:: Dataset excerpt ::
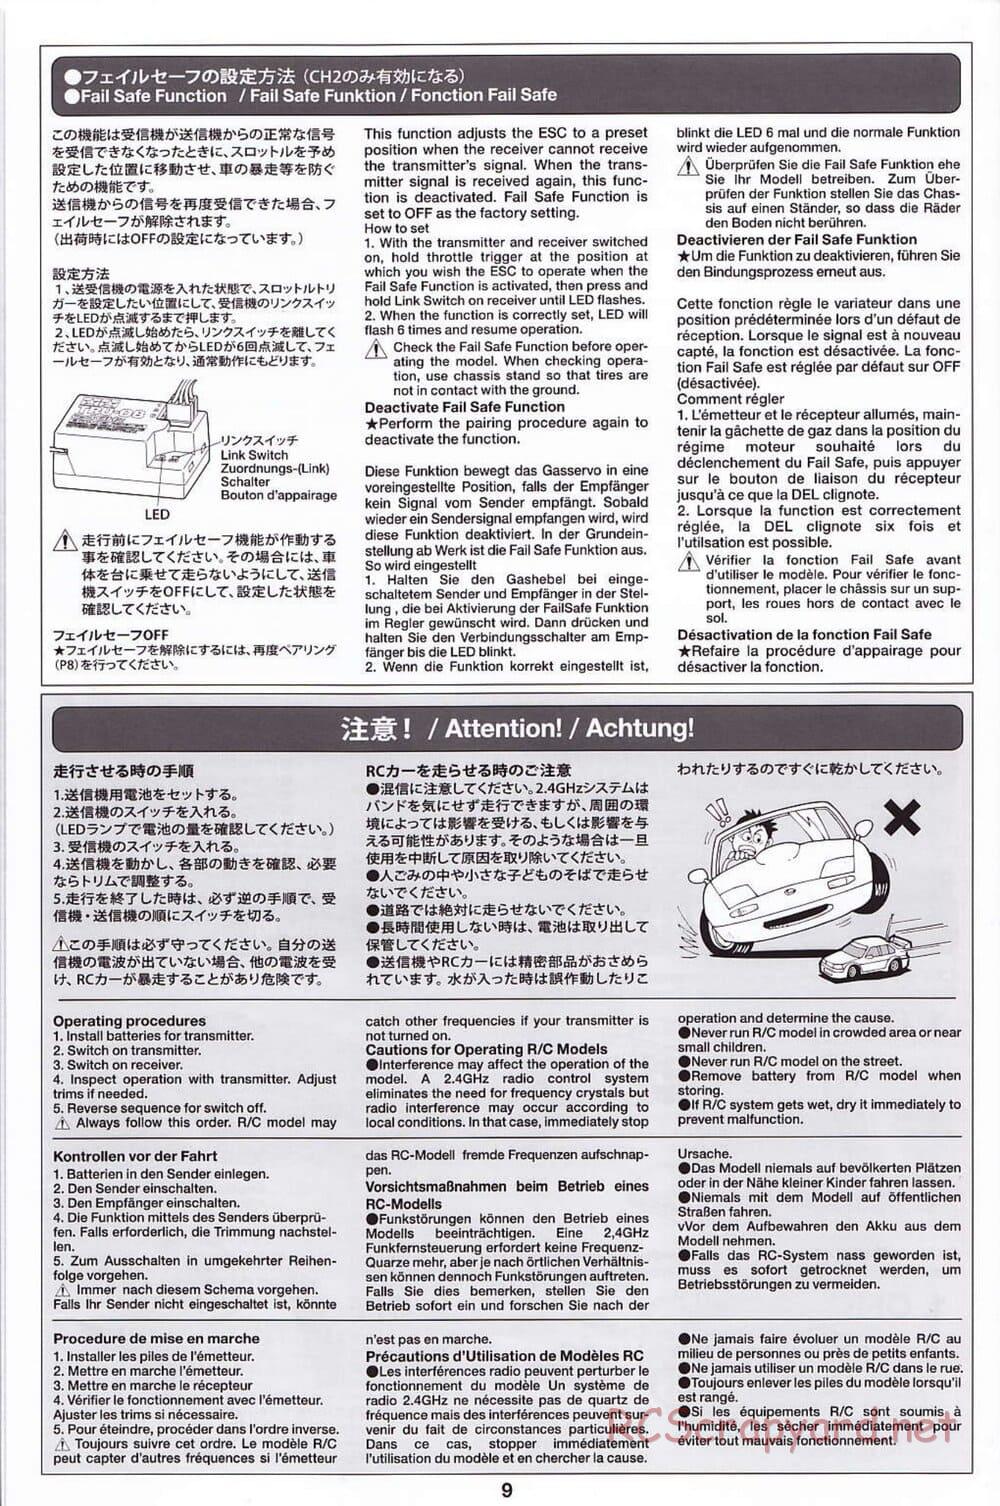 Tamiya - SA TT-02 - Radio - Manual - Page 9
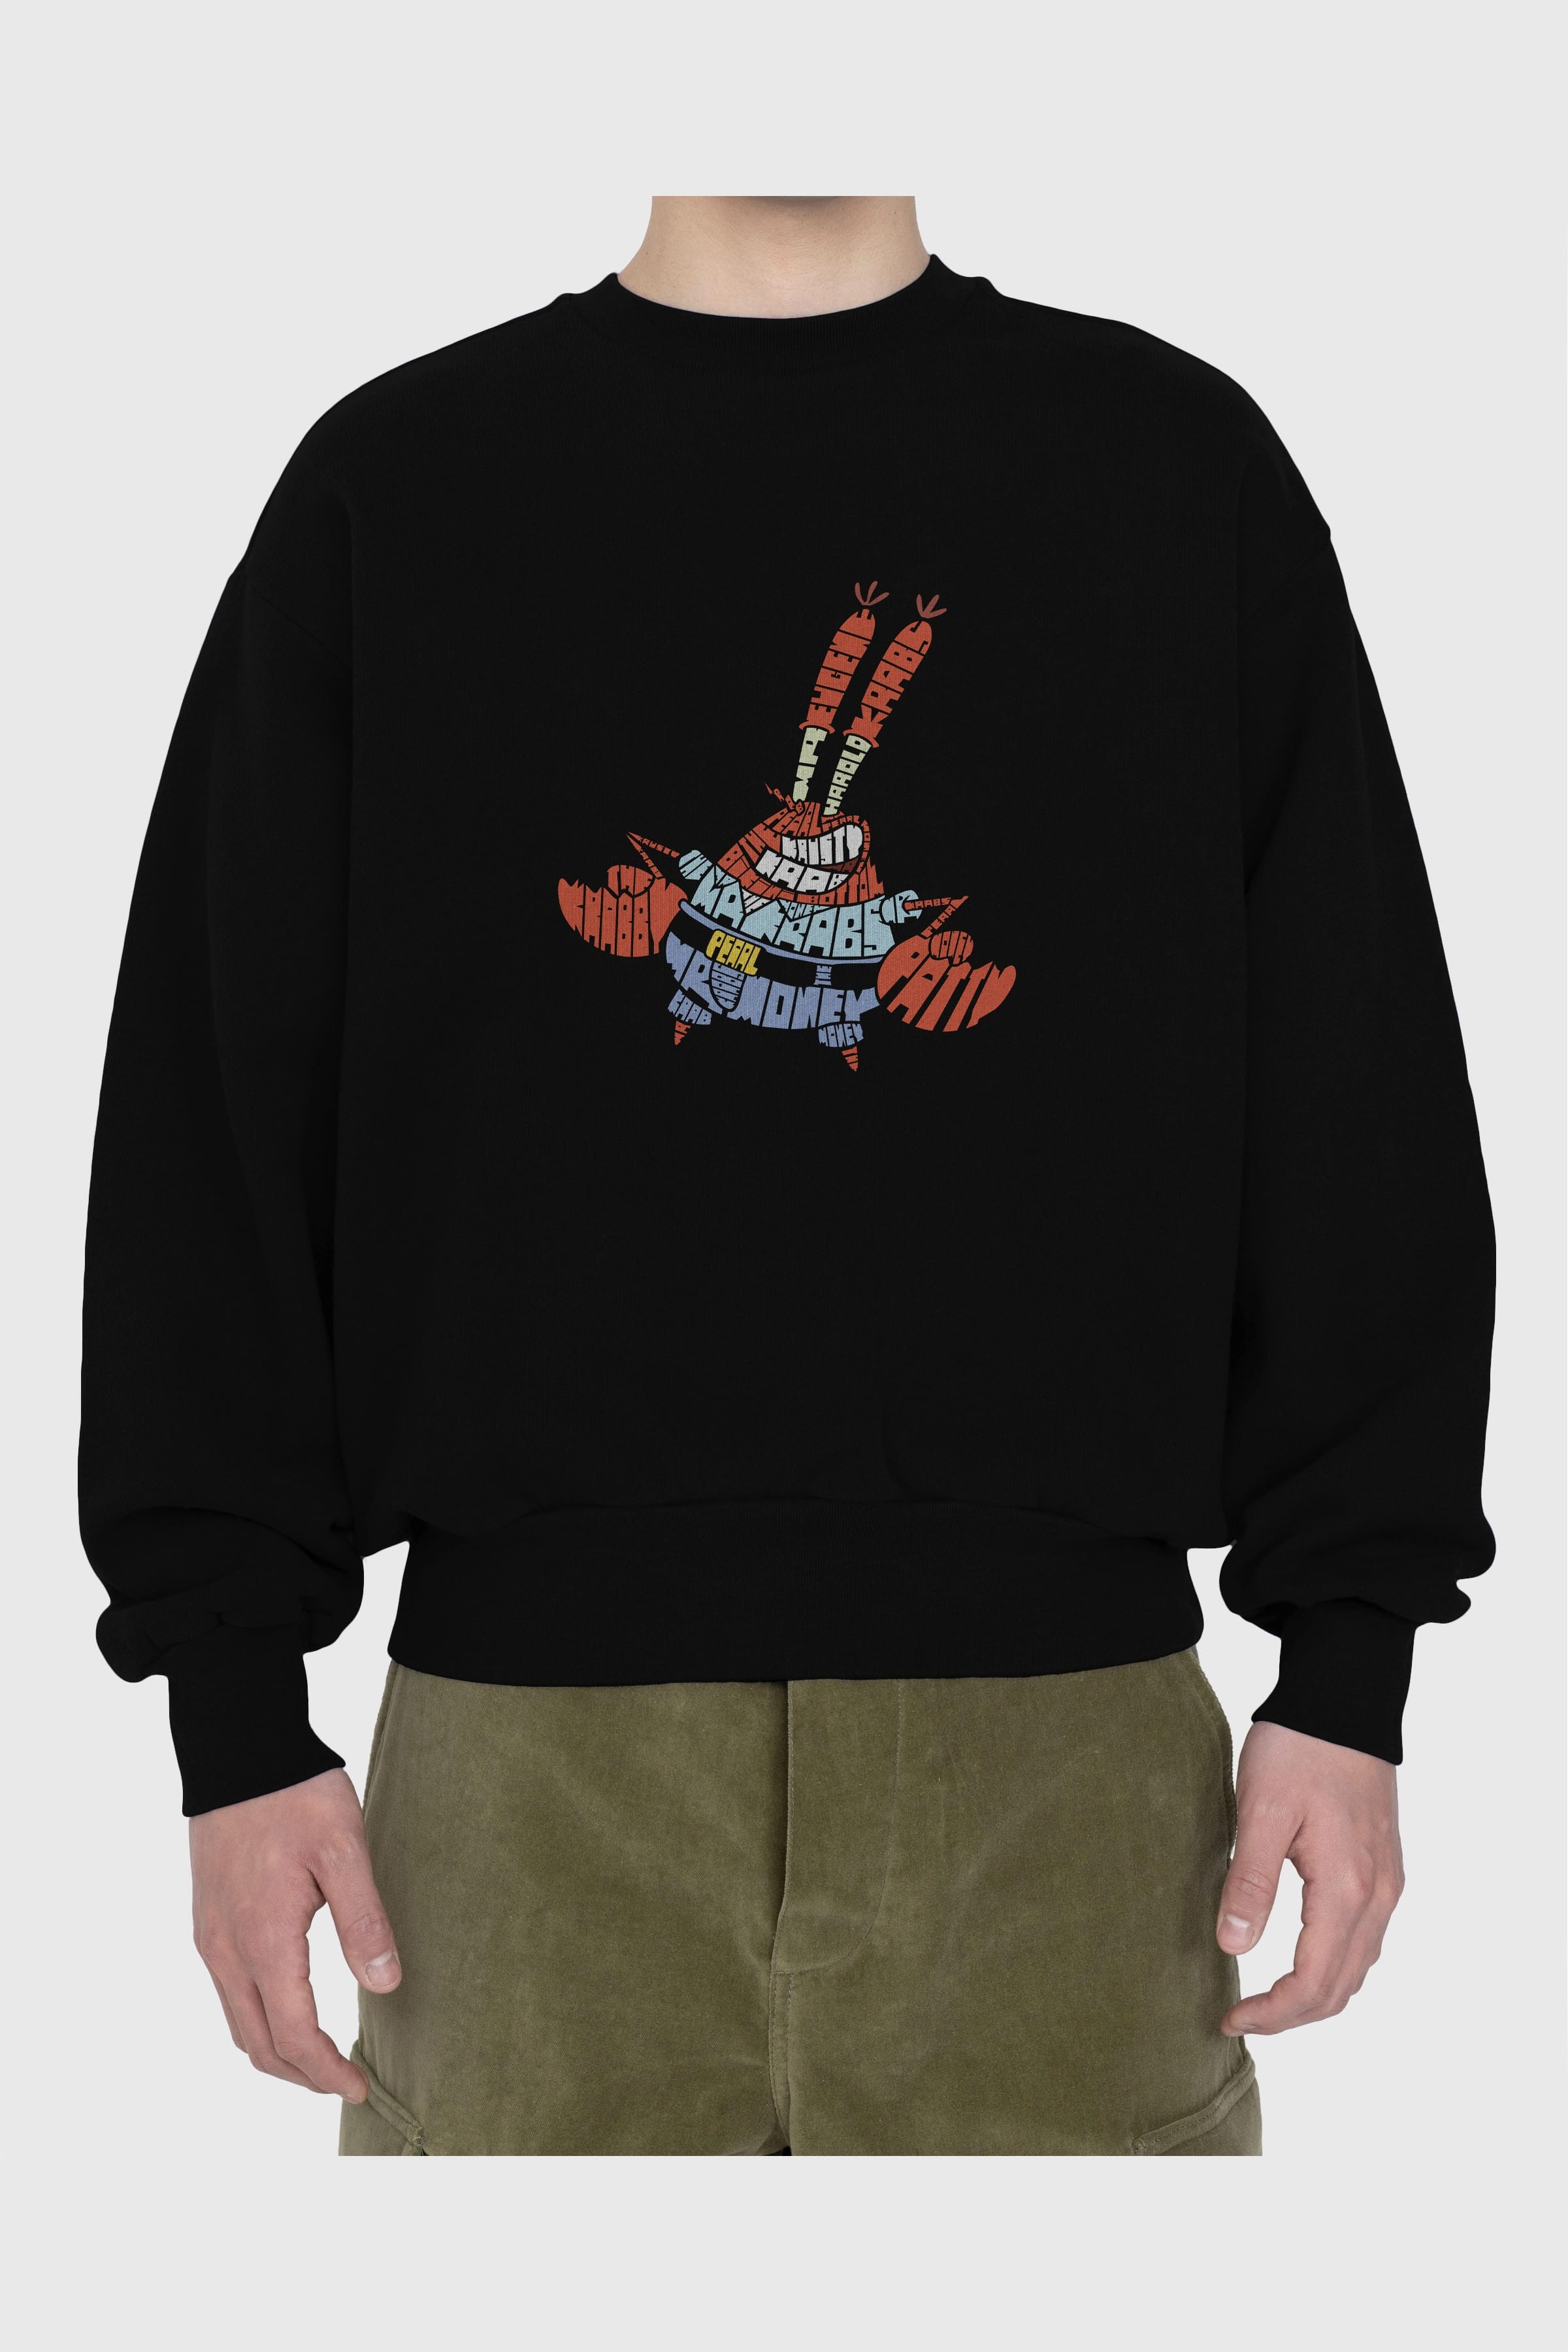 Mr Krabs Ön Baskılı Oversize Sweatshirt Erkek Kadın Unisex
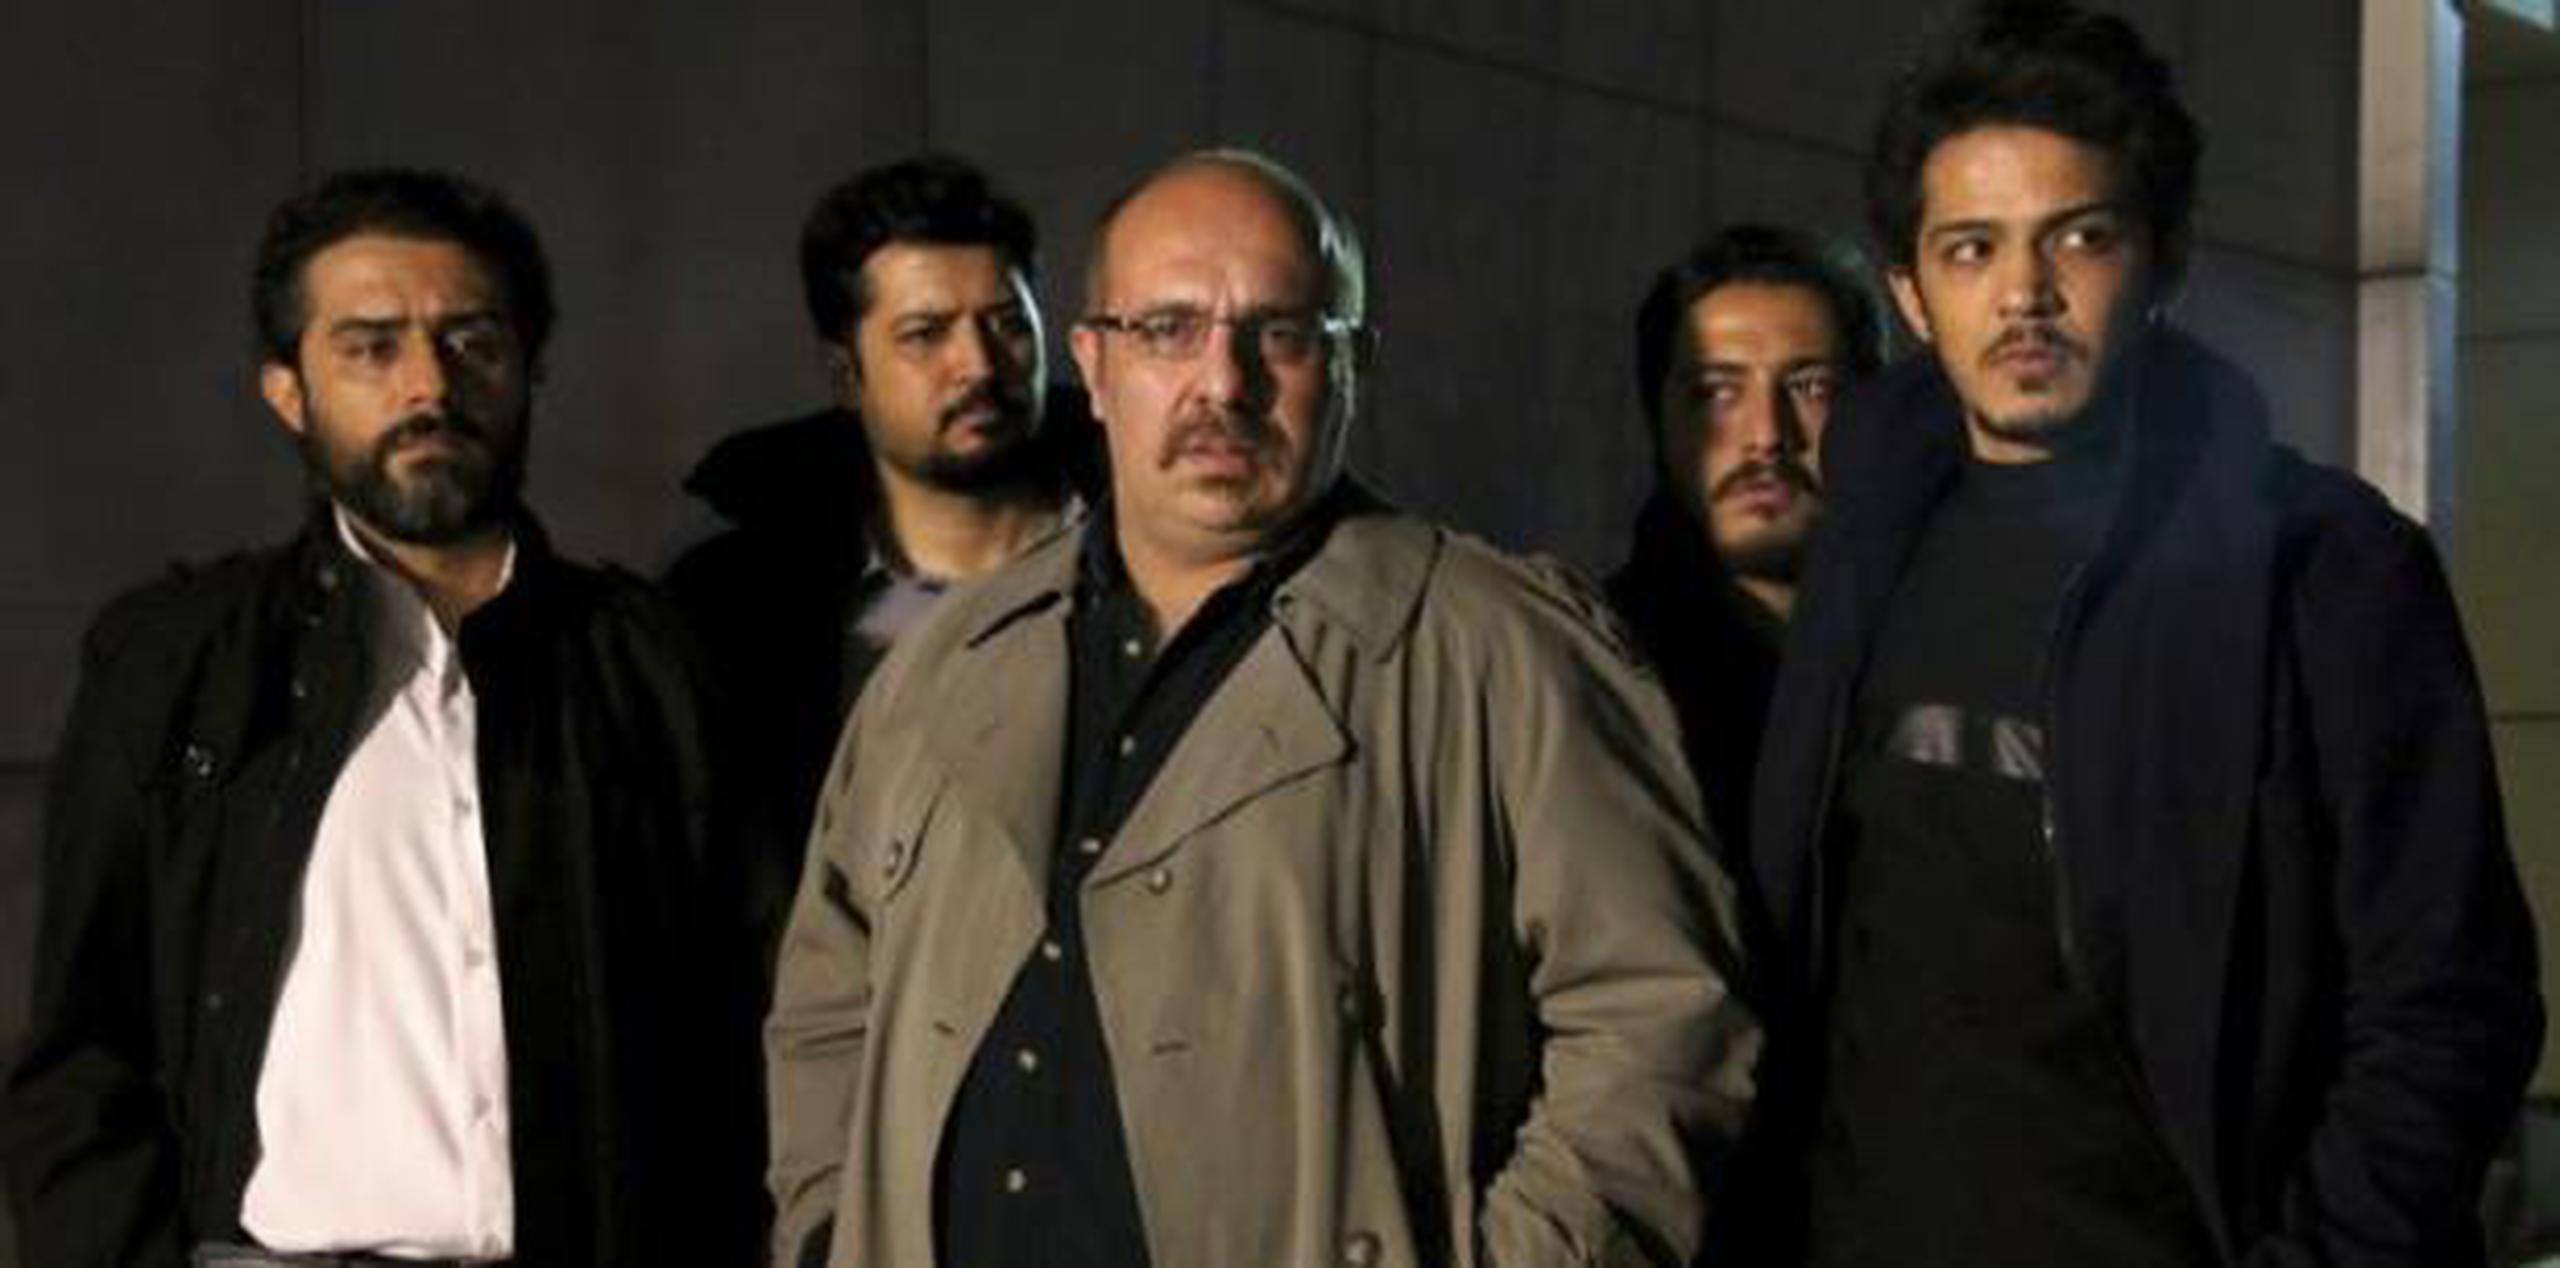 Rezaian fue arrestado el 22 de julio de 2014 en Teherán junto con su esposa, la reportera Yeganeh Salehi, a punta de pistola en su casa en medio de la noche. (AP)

:: Task item ::
Quote the listing above in full, except for the pictures.

:: Reply to the task ::
 Tamiya - SA TT-02 - Radio - Manual - Page 9
 Mr Krabs Ön Baskılı Oversize Sweatshirt Erkek Kadın Unisex
 Rezaian fue arrestado el 22 de julio de 2014 en Teherán junto con su esposa, la reportera Yeganeh Salehi, a punta de pistola en su casa en medio de la noche. (AP)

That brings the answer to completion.